By offering enticing welcome bonuses, sportsbooks can attract a larger customer base that, after eating promotional losses at first, eventually will generate more revenue for the operator. Eating those losses is more tolerable when the sportsbook can deduct promo credits from their taxes.

However, some bettors may fear MA sportsbooks will limit their promos now that the MGC’s policy of not allowing promo tax write-offs is set in stone.

But that likely won’t be the case.

In the long run, sportsbooks will still turn profits and award bonuses to both new and existing customers. For example, Ohio banned promotional write-offs, but sports betting platforms still offered large welcome bonuses when the industry went live earlier this year. In addition, Ohio sportsbooks still offer continual bonus promotions that aren’t any different from what those sportsbooks offer in other states.
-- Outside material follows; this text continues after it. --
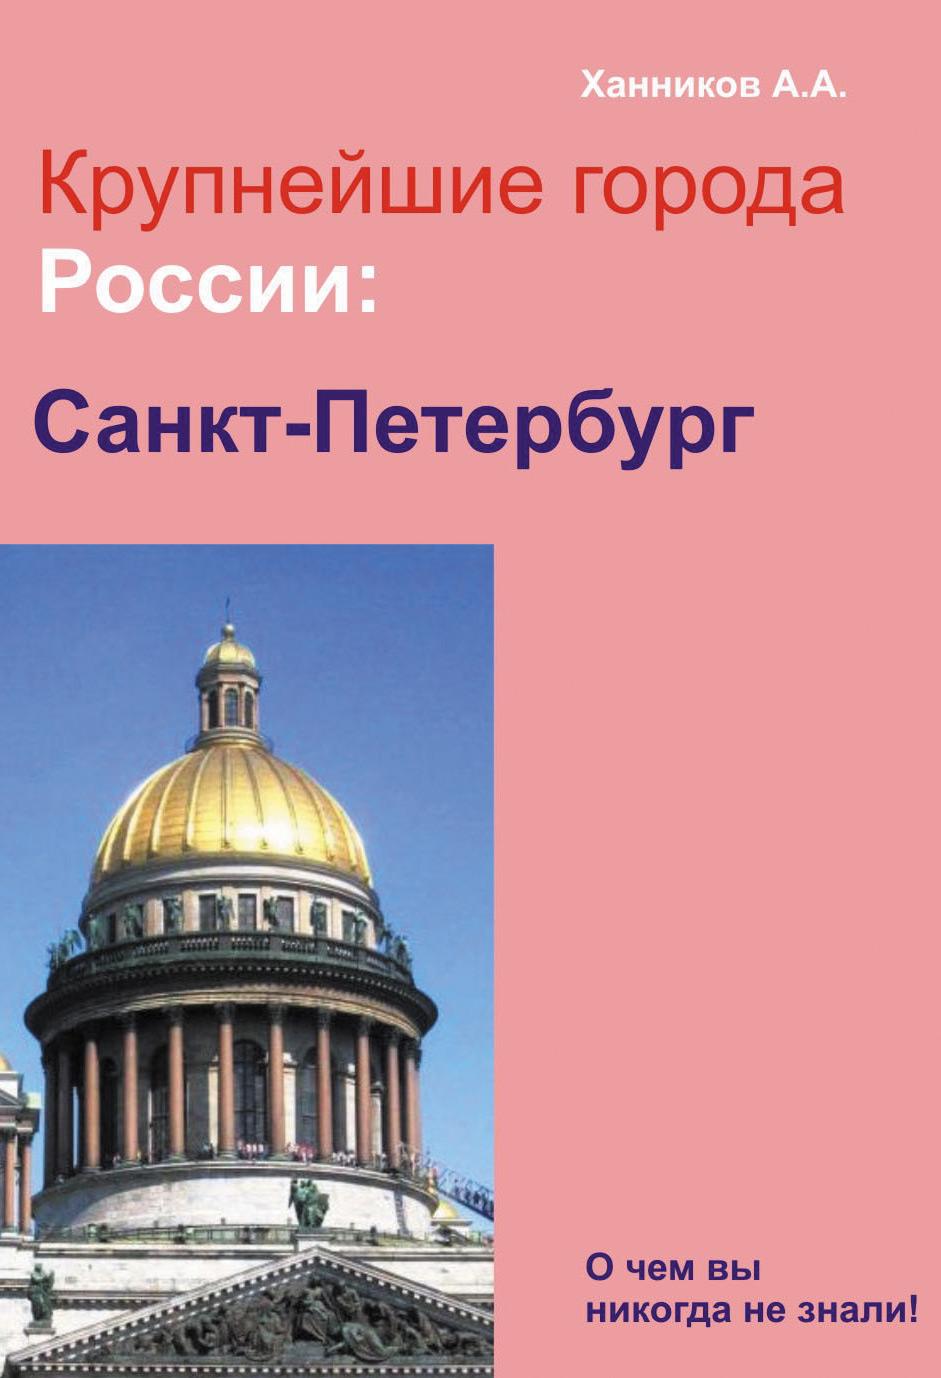 Фото - Александр Ханников Санкт-Петербург александр марголис санкт петербург подарочное издание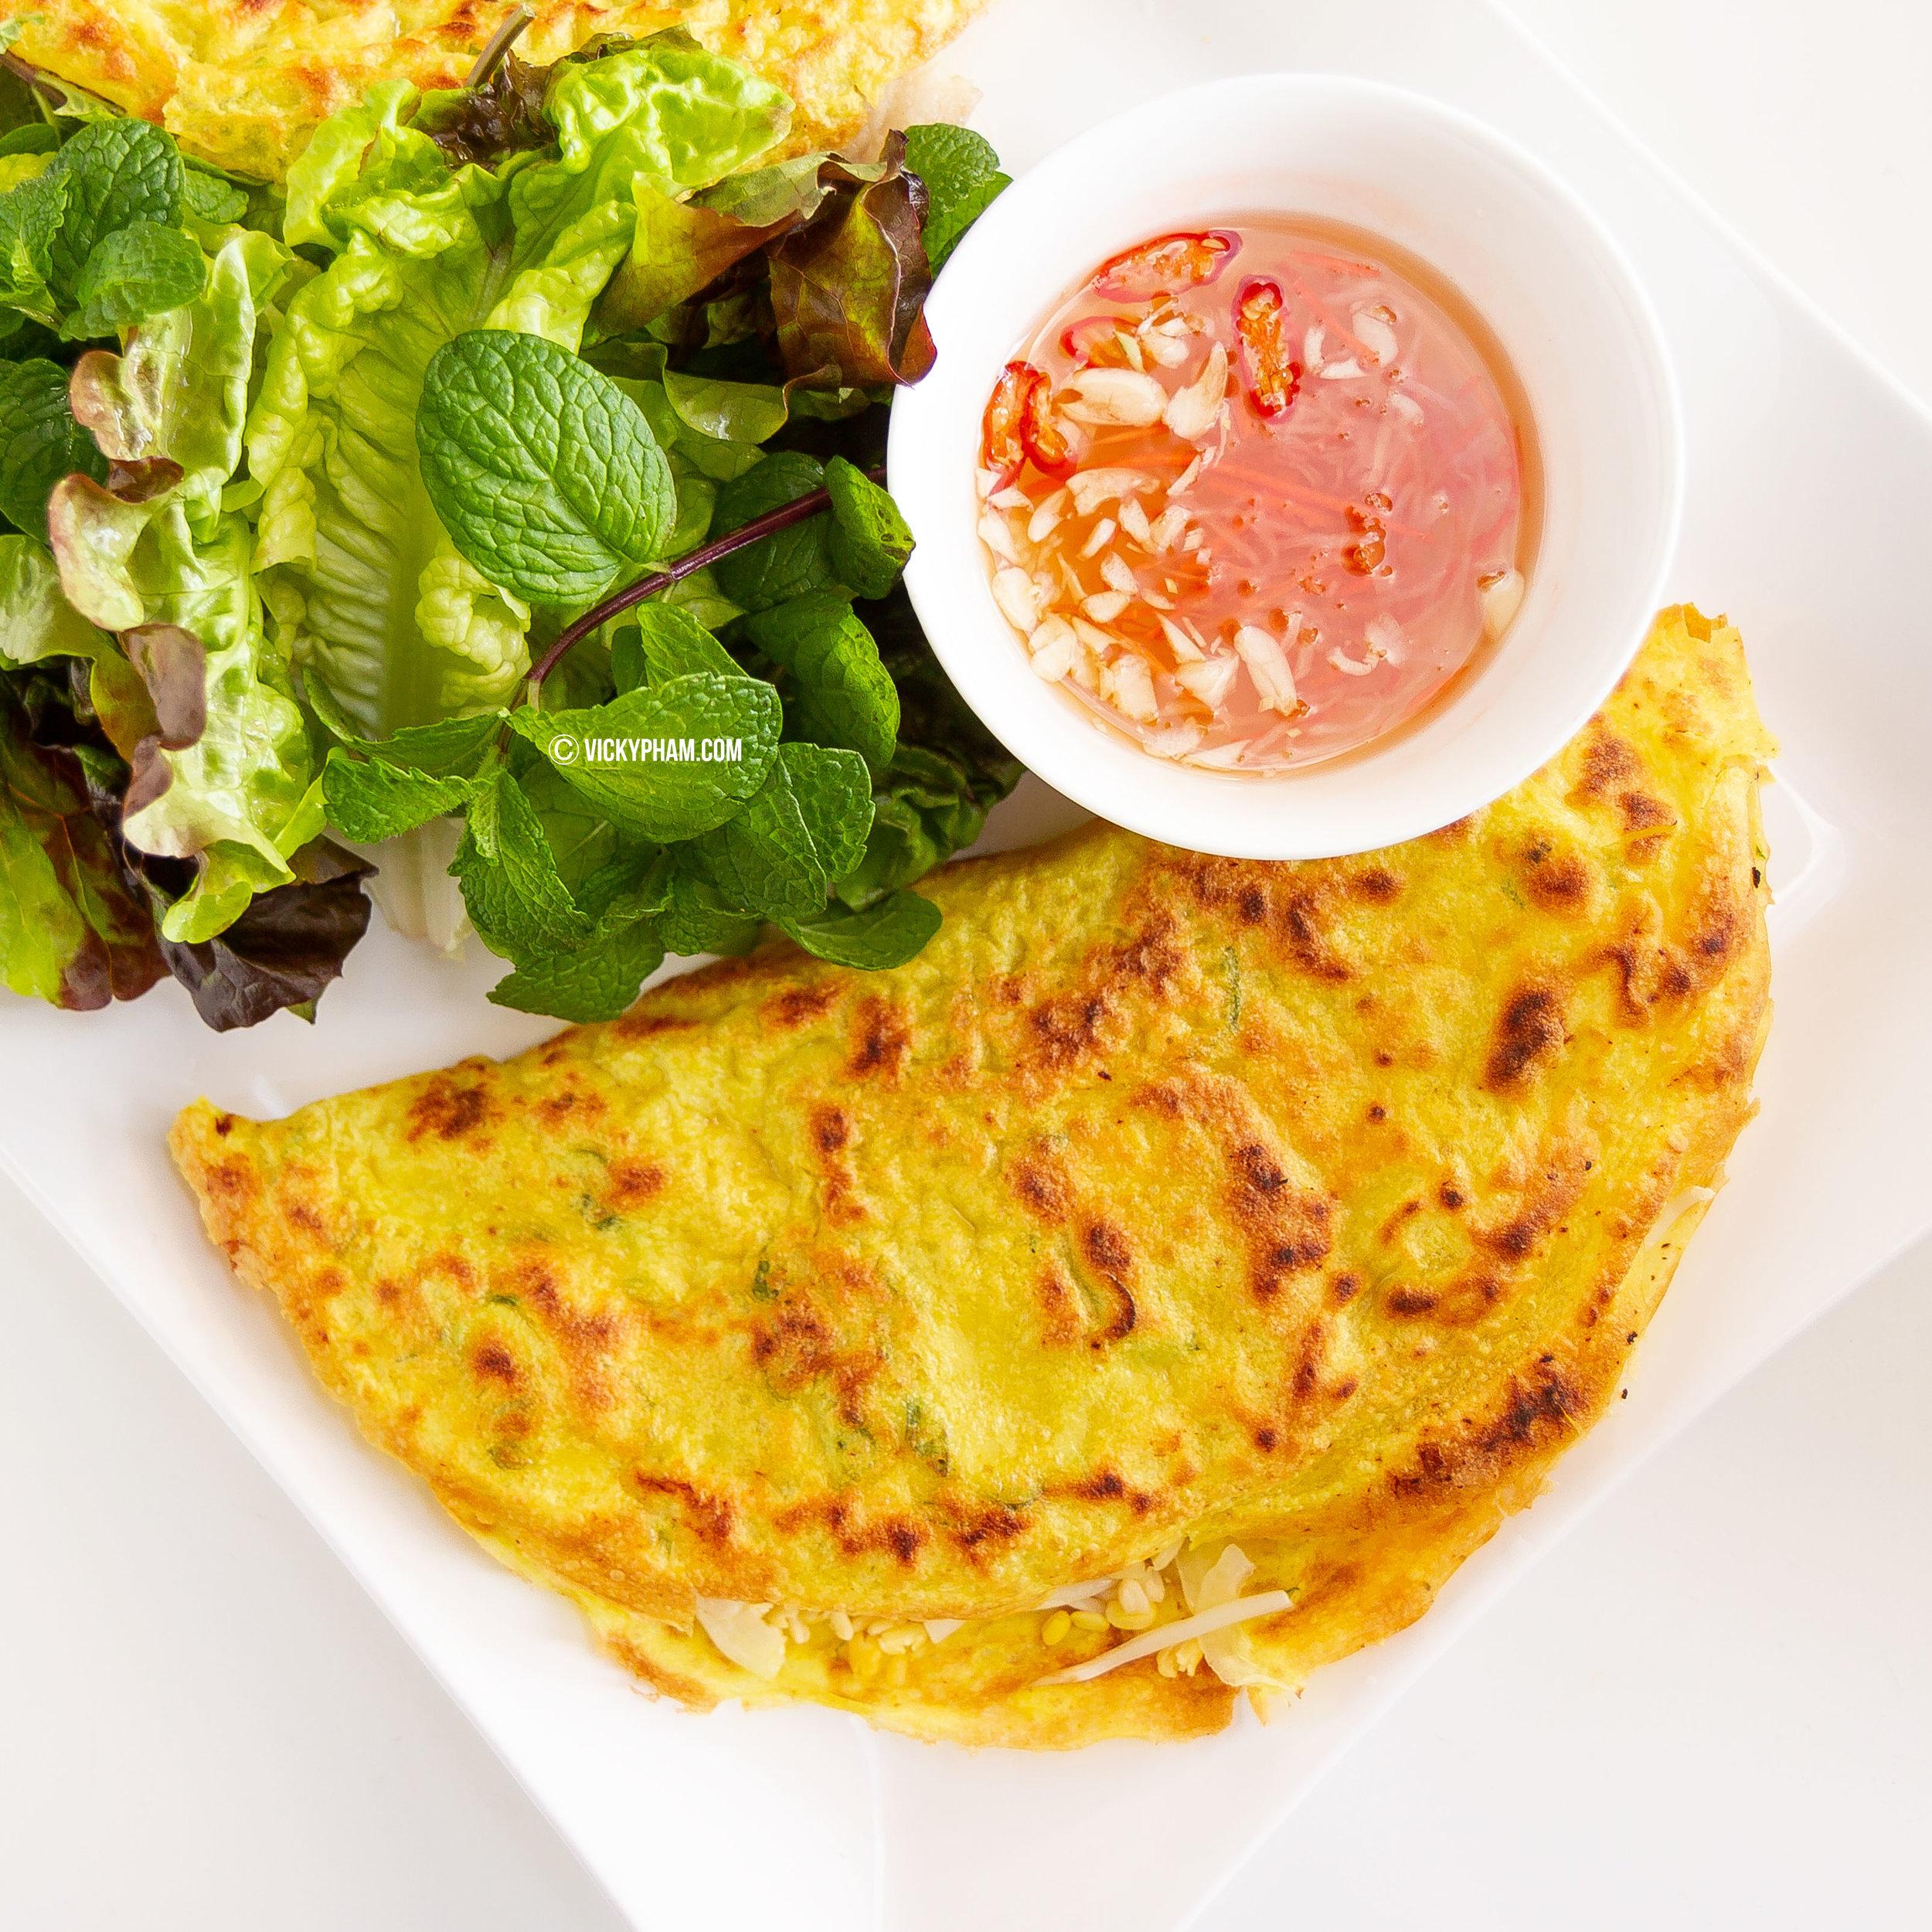 Vietnamese Sizzling Crepe Pancake Banh Xeo Vietnamese Home Cooking Recipes

Since launch, MA sportsbooks have been paying taxes on promotional play expenses. In April, the state collected $11.7 million in taxes from MA online sportsbooks, based on $58.5 million in taxable gaming revenue.

So, the sportsbooks will be fine in the long run. While there may be a slight decrease in Massachusetts promos compared to other states, it really won’t be anything noticeable to the average sports bettor.

Think about it: Massachusetts sportsbooks have never been able to deduct promo credits from their taxes. Nothing changed with the MGC’s decision this week. Have you seen any significant chatter with complains about smaller bonuses in the Bay State?

Neither have we.

National trends of sportsbook taxation

In a presentation to the MGC by Connor Loughlin and Theresa Merlino of financial consulting firm RSM, data was shared that illustrated the national trends regarding sports betting taxation.

States vary in how they handle sportsbook promo deductions. According to RSM, 22 states that have legalized sports betting require promo play to be included in taxable income. Four more require part of promo play expenditures to be included.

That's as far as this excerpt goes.